Don’t expect profundity. Much is farce, in which the twerp is very twerpish, the boor very boorish, the mouse very mousey and there is the obligatory reference to fixing Frank’s ballcock.

Yet Ayckbourn can turn a simple shopping list into a statement of social status, and find a joke that in just four words says everything about dim, naïve old Frank. “I’ve left him,” says Charlie Brooks’s Teresa after ditching no-good husband Bob. “Where?” says Frank.

That wonderful Ayckbourn stagecraft is already evident, with two dinner parties, held on consecutive nights, played simultaneously, with actors turning from one to the other between mouthfuls of avocado or chicken noodle soup.

The set, designed by Julie Godfrey, is split, the wallpaper, the entrances, even the sofa and coffee table divided to represent the home styles of Frank / Fiona, Bob / Teresa.
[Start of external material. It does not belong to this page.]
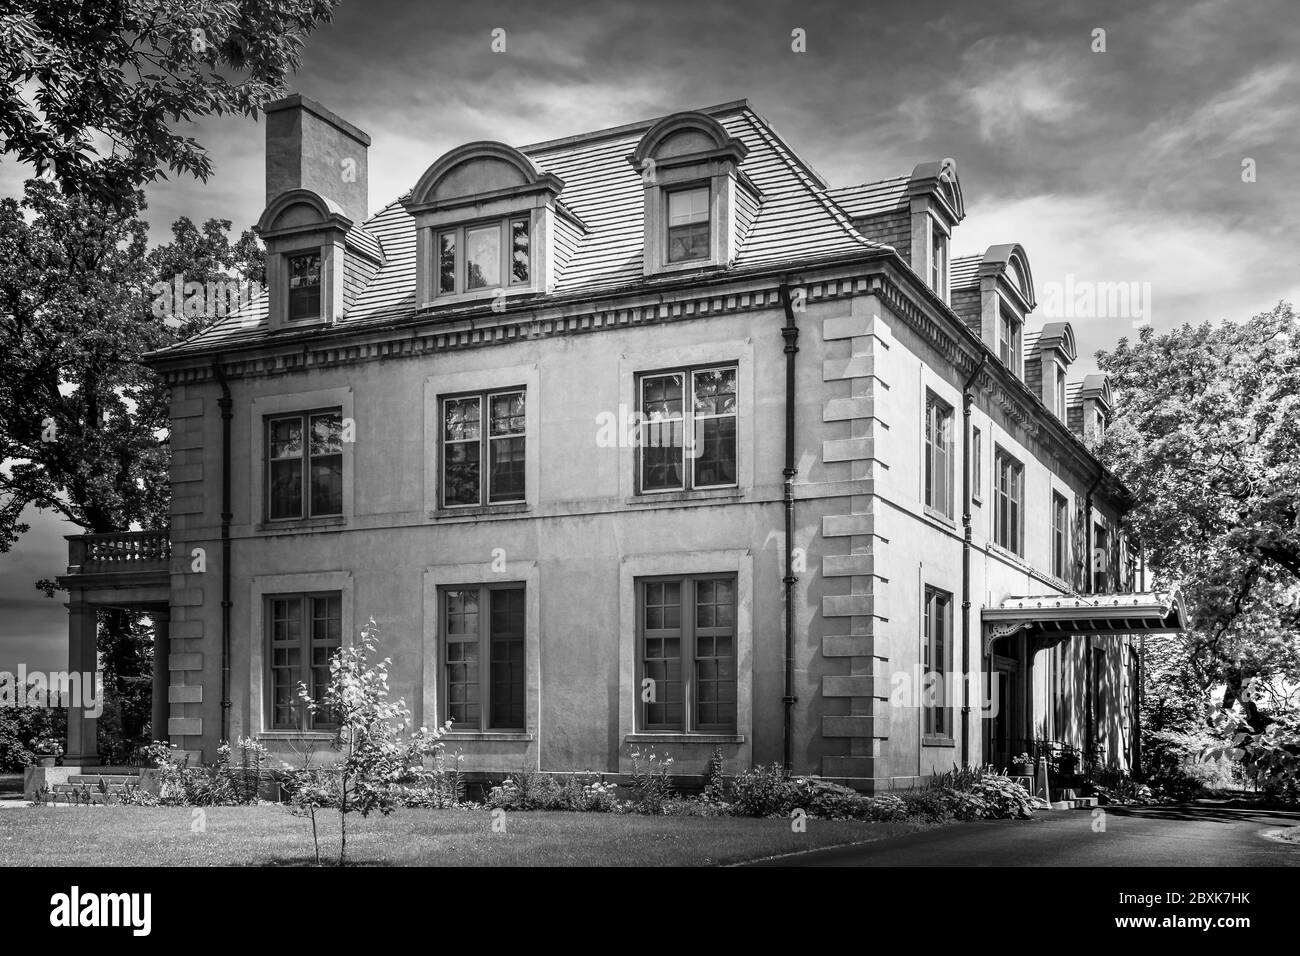 Una suggestiva villa francese in stile Beaux Arts, con un tetto mansarda con finestre ad arco in piccolo paese America, St. Cloud, MN, USA, in B&W. Foto Stock

Alan Strachan has been directing this comic masterpiece for 30 years and the result is a joy to behold as actors in different time zones rush past each other, with inches to spare, like traffic in a speeded-up film.

The pace is remarkable, yet the cast make every line sing, and even the silences, in fact especially the silences are funny.

Daws shows the way as Frank—it’s not easy being that stupid. But the stars of the show are Matthew Cottle and Sara Crowe as Frank’s junior employee William and his deathly shy wife Mary. Their hilarious double act is worthy of one of those golden clips of silent comedy, which included Cottle turning purple (how did he do that?) trying to open a bottle of wine, and Crowe producing hiccups to order like a well-drilled percussionist.